Poor update rate for PWM tools

Basic Information:

Printer Model: Custom CoreXZ laser
MCU / Printerboard: Octopus V1.1 F446 (non-pro)
Host / SBC: RPI4 4GB

logs-20260308-124004.zip (8.7 KB)

Describe your issue:

I am attempting to do a simple raster at 200mm/s, but the XZ steppers keep stuttering as more PWM updates occur. It does eventually finish with no errors thrown, but it looks horrible. I am using the pwm_tool for laser power and have a pin to enable the laser. I have tried PWM frequencies of 30khz, 25khz, and 1khz with the same result. Hard/soft PWM also has no effect. I have checked the system load in Mainsail, but the host and MCU are both under 10%. I also tried setting baud rate to 500k, but that had no effect either. Though unsupported here, I have also tried Kalico firmware, but that has the same problem.

This problem is only visible on raster engravings where there are a lot of PWM updates. Cuts turn out very good at 3mm/s and have zero problems, so I know it is an update rate problem.

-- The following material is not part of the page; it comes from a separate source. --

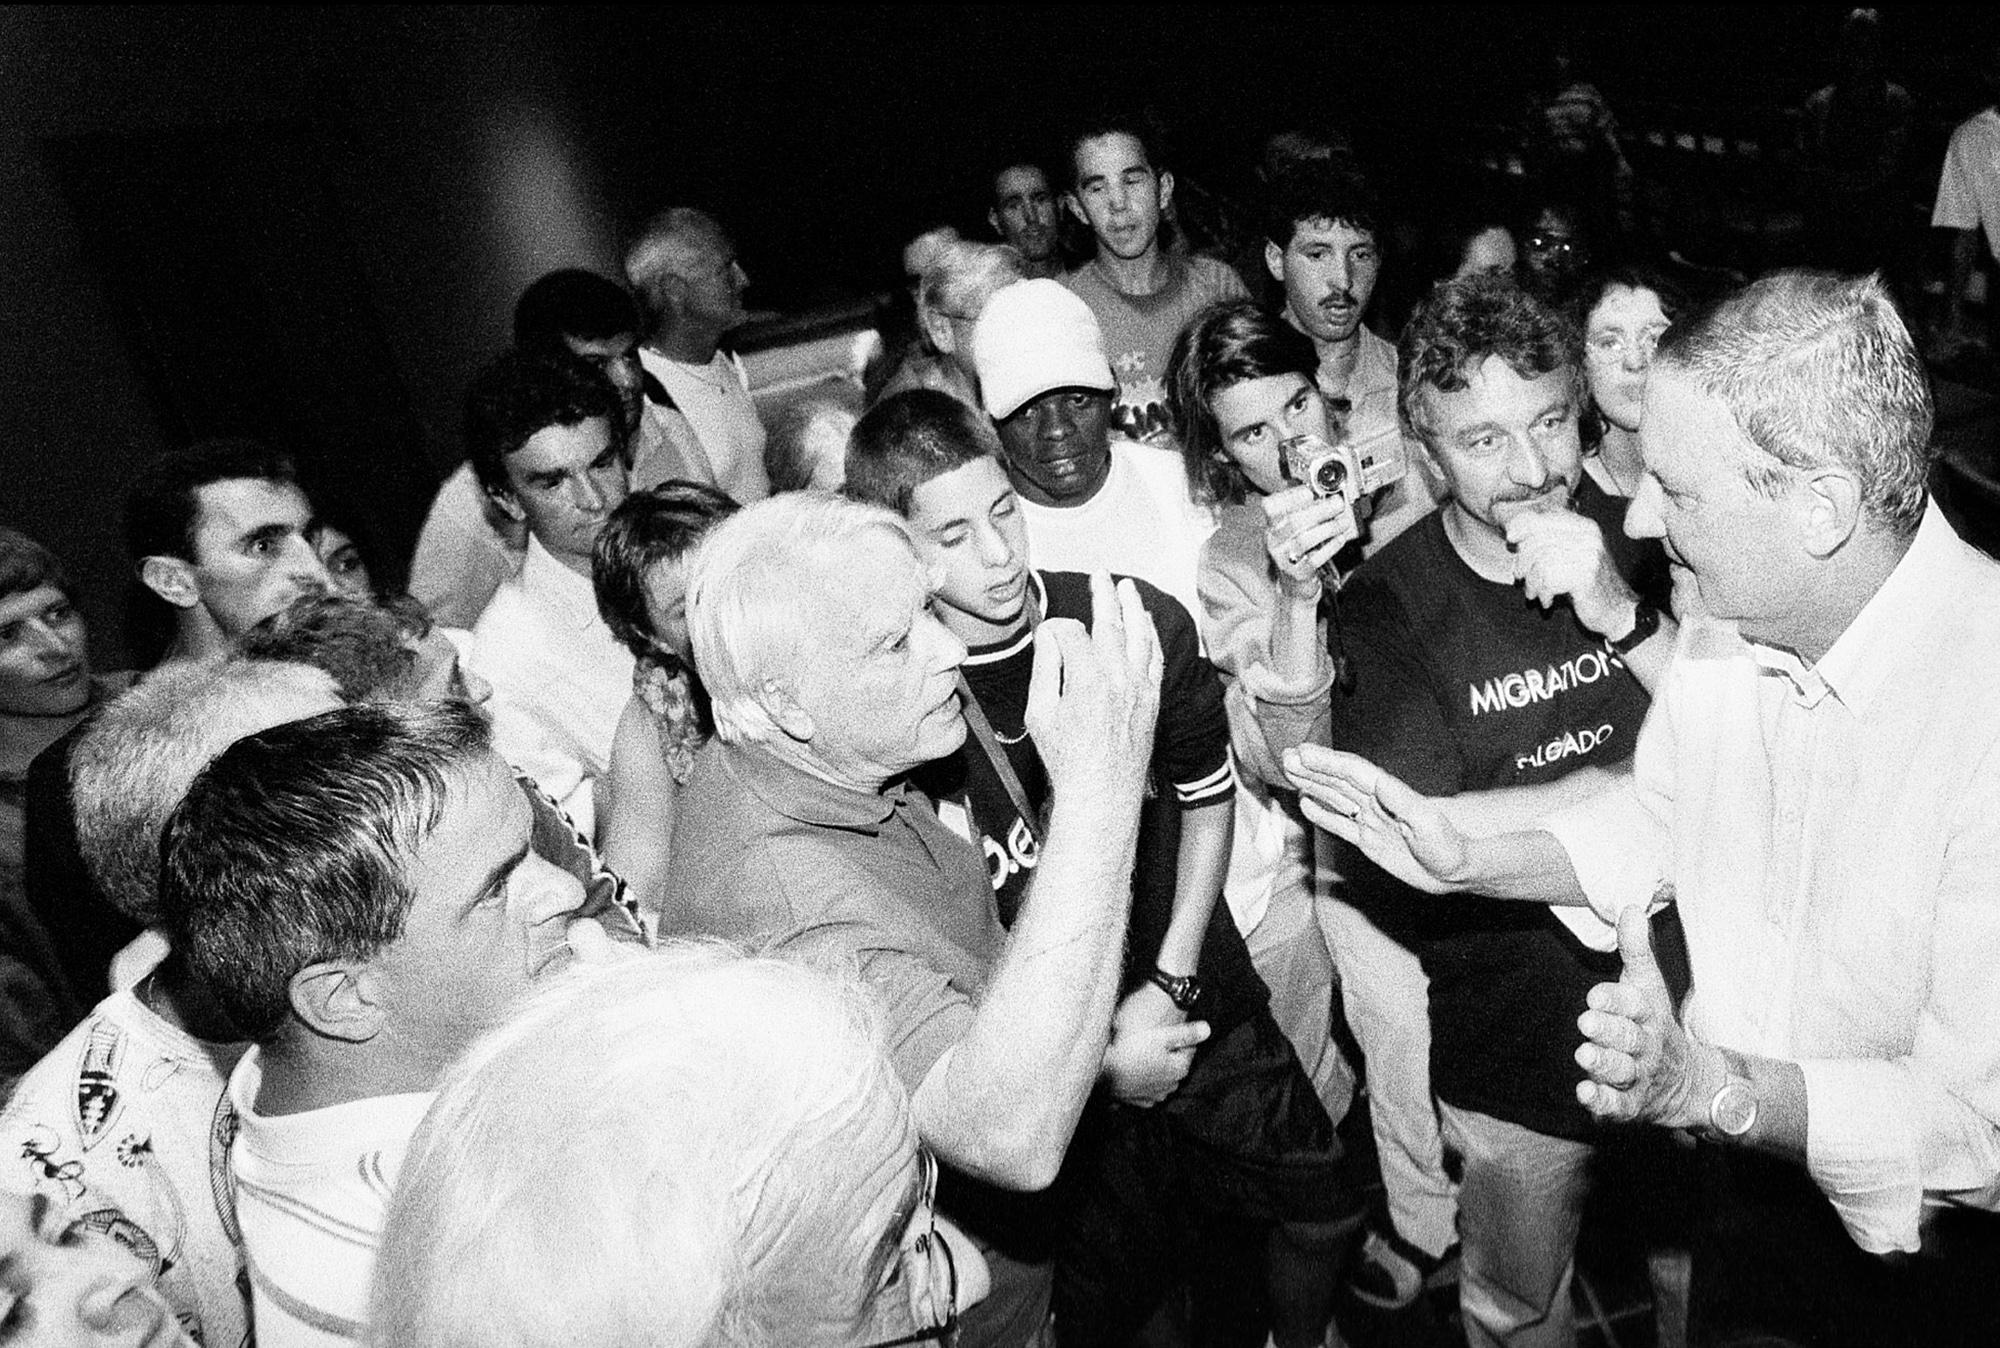 Le préfet Nicolas Deiss (à droite) a appris par le radio que les sans-papiers déménagaient dans l'église (à la veille de l'ultimatum qu'il avait fixé au sans-papiers pour quitter les lieux). Il vient constater le fait en personne accompagné de quelques policiers.Fribourg, le 19 août 2001.
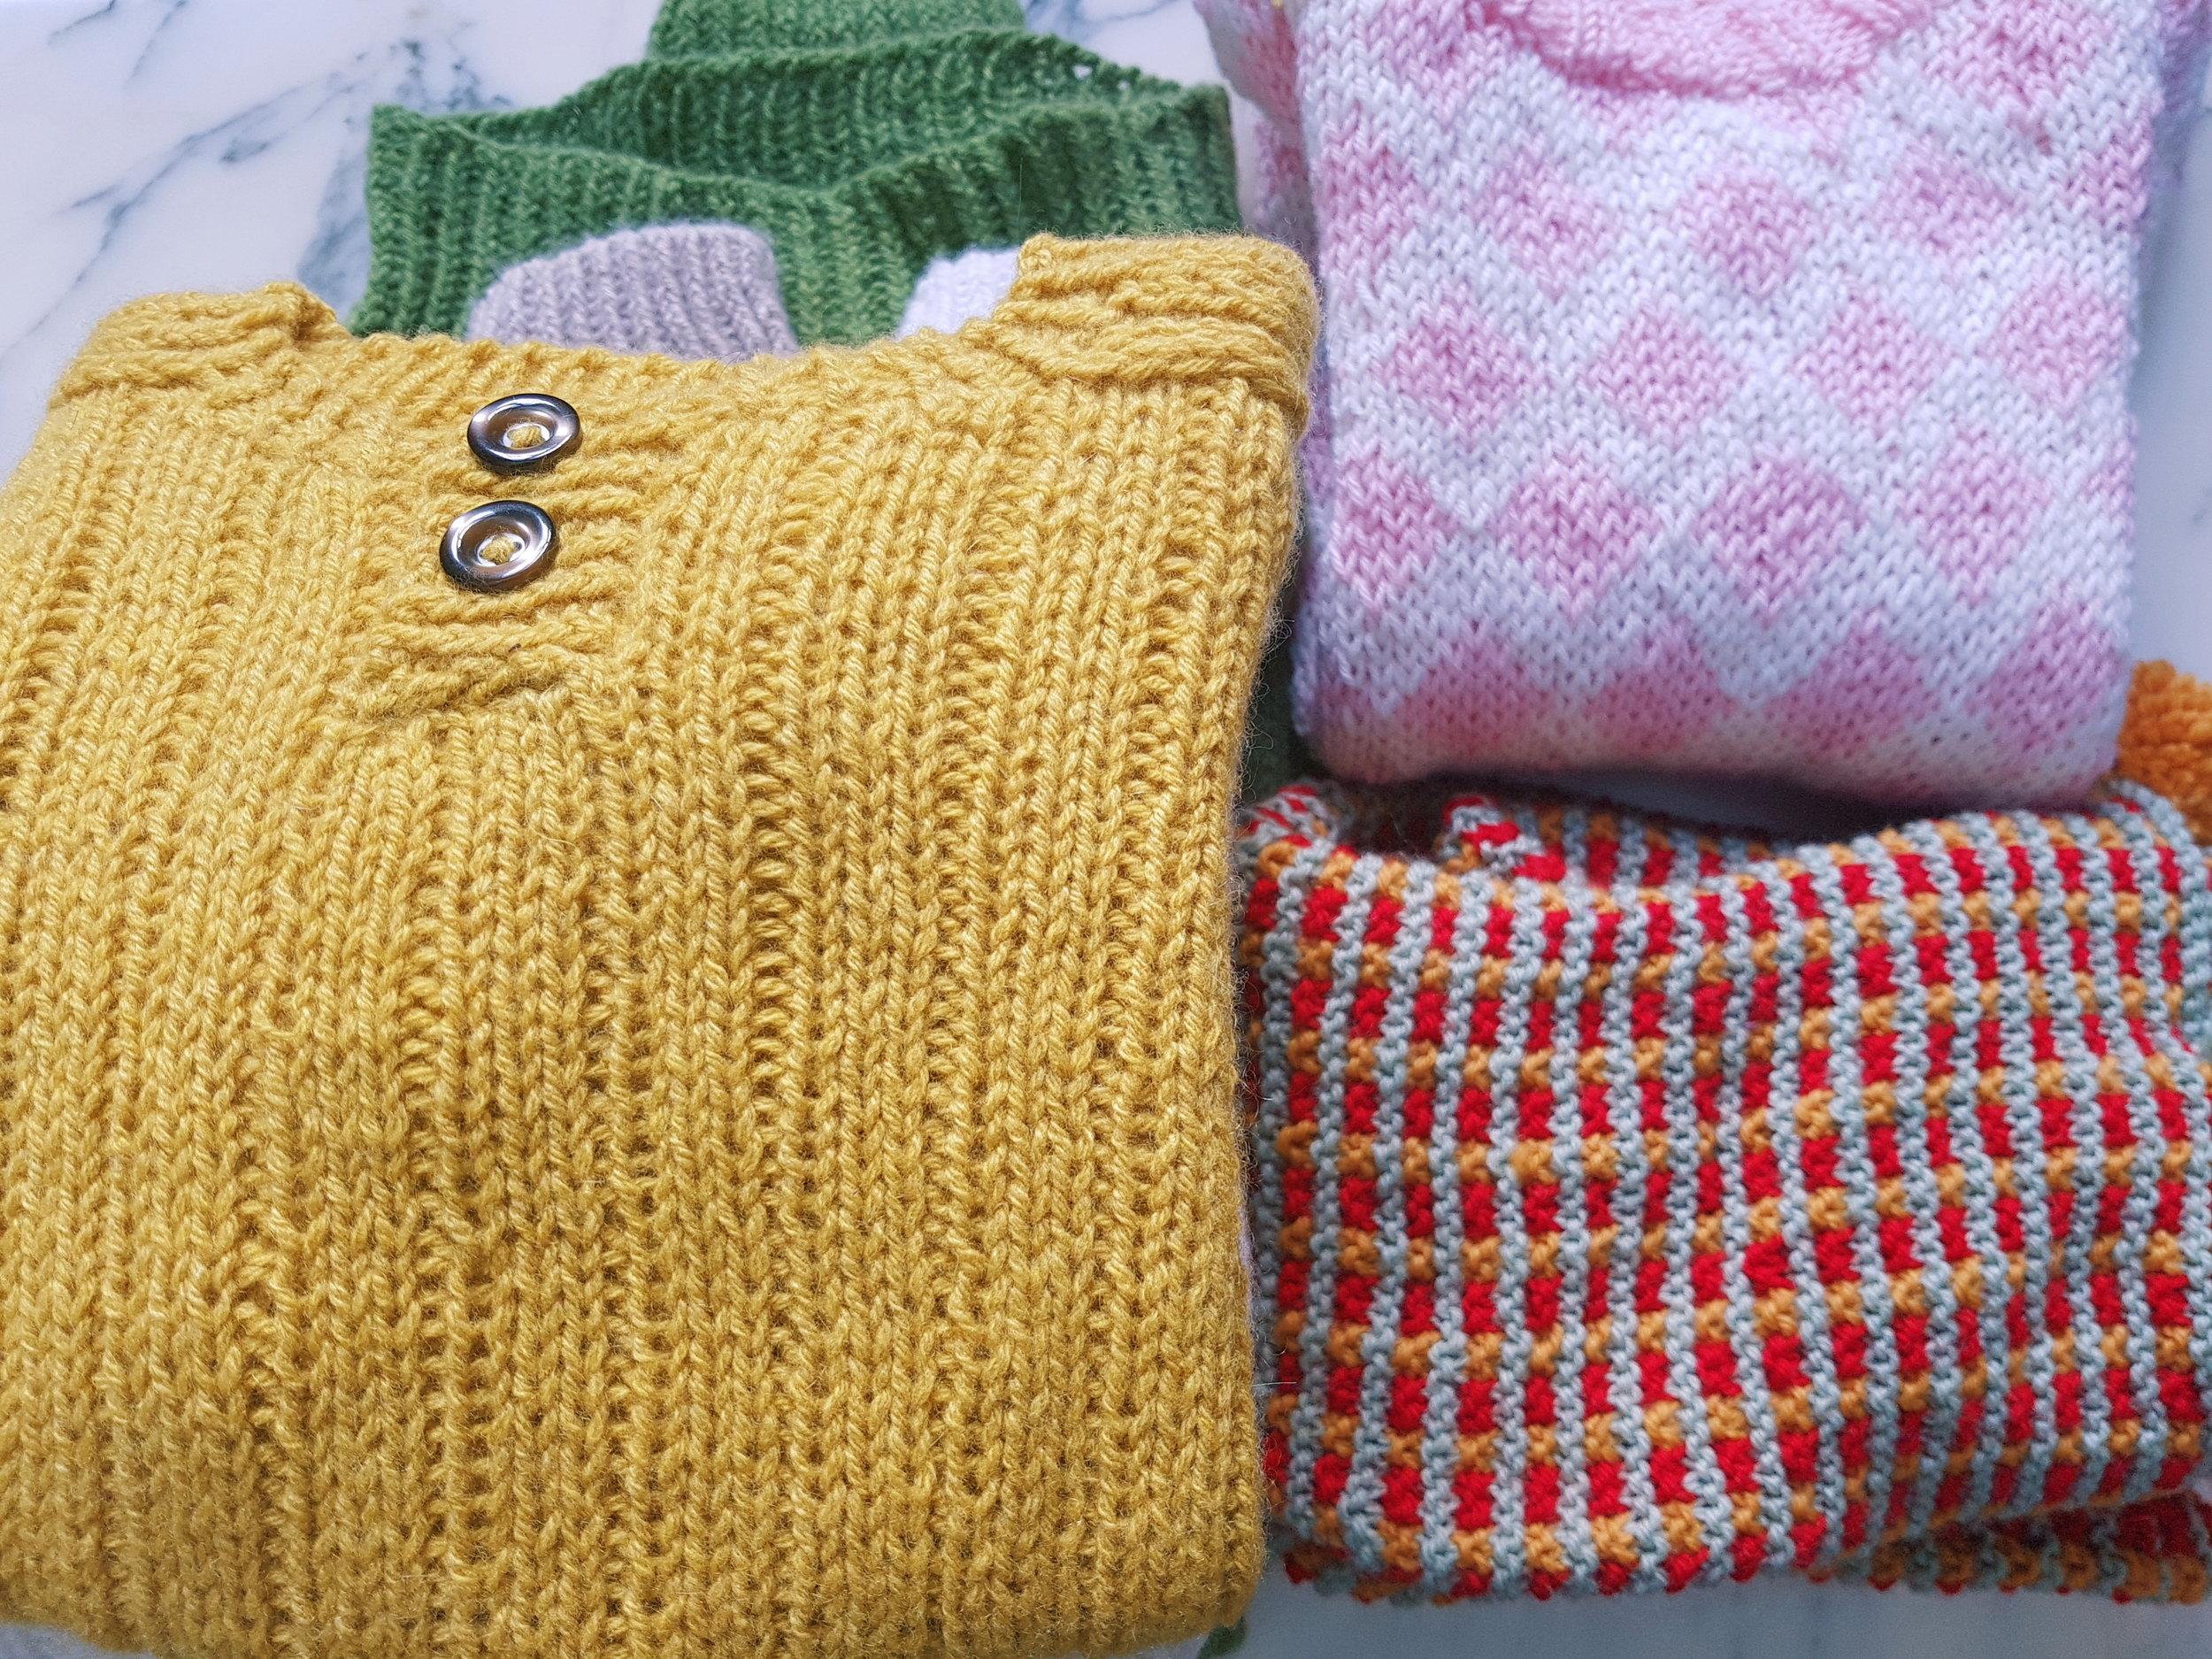 En haut à droite, du jacquard trop lâche. En bas à droite, du beau jacquard qui est beau parce que c'est ma grand-mère qui l'a tricoté.

While I know LaserGRBL and Marlin exist, Klipper makes things much easier. If I need to, I could switch, but would rather get Klipper working instead.

Welcome Clinery,

interesting problem. Could you post pictures of your raster engravings?

Here is a video the slow part of a raster I did yesterday uploaded to my youtube (very large video file size from my phone): https://youtube.com/shorts/y3aMfIpWJM0

1 Like

Could you upload your .svg, .dxf, or whatever file you used for that engraving in the video?

I’m not sure I quite follow what is happening.
But:

So, whatever is happening here, it is not the MCU side issue, and it is not a steppers can’t keep up with update events.

Where hardware PWM is cheaper from the MCU perspective, at this rate (10k events per second on this chip CLOCK_FREQ=180000000 MCU=stm32f446xx ), it should not matter at all.

I think the G-code example and/or emergency shutdown M112 during the event (and log of that shutdown) can help.
As far as I understand, from the current PWM_TOOL code, there are no movement pauses.

Hope that explainssomething,
-Timofey


For example, if I run Klipper in batch mode and try to schedule 2 PWM updates:

G1 Y140 X0 F740
SET_PIN PIN=laser VALUE=0.5
SET_PIN PIN=laser VALUE=0.4
G1 Y280 X0 F740

It will produce this:

queue_step oid=3 interval=3041 count=654 add=0
queue_step oid=6 interval=3041 count=654 add=0
queue_digital_out oid=0 clock=1506863796 on_ticks=3000
queue_digital_out oid=0 clock=1506863796 on_ticks=2400
queue_step oid=3 interval=3040 count=556 add=0
queue_step oid=6 interval=3040 count=556 add=0

So, there is no pause, motors are still moving, and 2 updates are scheduled.
Where 2 PWM updates are placed in the MCU’s queue, along with scheduled steps, and they will be applied one by one, and I guess, it will crash in this case.

You mentioned LaserGRBL. Did you try this engraving with LaserWeb?

Turns out this was actually user-error, but thanks for the help and suggestions as they helped me arrive at the solution. I looked at the generated microcontroller commands and see that it does queue the PWM between step commands, but those have wildly varying intervals, which I assume also means wildly varying speeds, and thus the gcode is commanding different speeds.

I am using RayForge to generate the gcode and it outputs G1/G0/G1/M4/G1/M5 sequences for each raster segment. I replaced each G1/G0/G1 sequence with a single G1 and that solves the problem. It did not slow down even once with the high PWM updates, and I even did a faster run (about 400mm/s) and it didn’t falter.

Example of problematic gcode segment:

...
M5
G1 X127.22 Y38.393 F12000
G0 X127.24 Y38.333
G1 X126.744 Y38.333 F12000
M4 S698    ; SET_PIN PIN=laser VALUE=0.698
G1 X125.436 Y38.333 F12000
M5         ; SET_PIN PIN=laser VALUE=0
...

Example of good gcode segment:

...
M5
G1 X126.744 Y38.333 F12000
M4 S698    ; SET_PIN PIN=laser VALUE=0.698
G1 X125.436 Y38.333 F12000
M5         ; SET_PIN PIN=laser VALUE=0
...

LaserWeb might be able to generate better gcode, but I am already familiar with RayForge and have it setup mostly properly. Also, it does good beam width compensation so my cut parts are more accurate.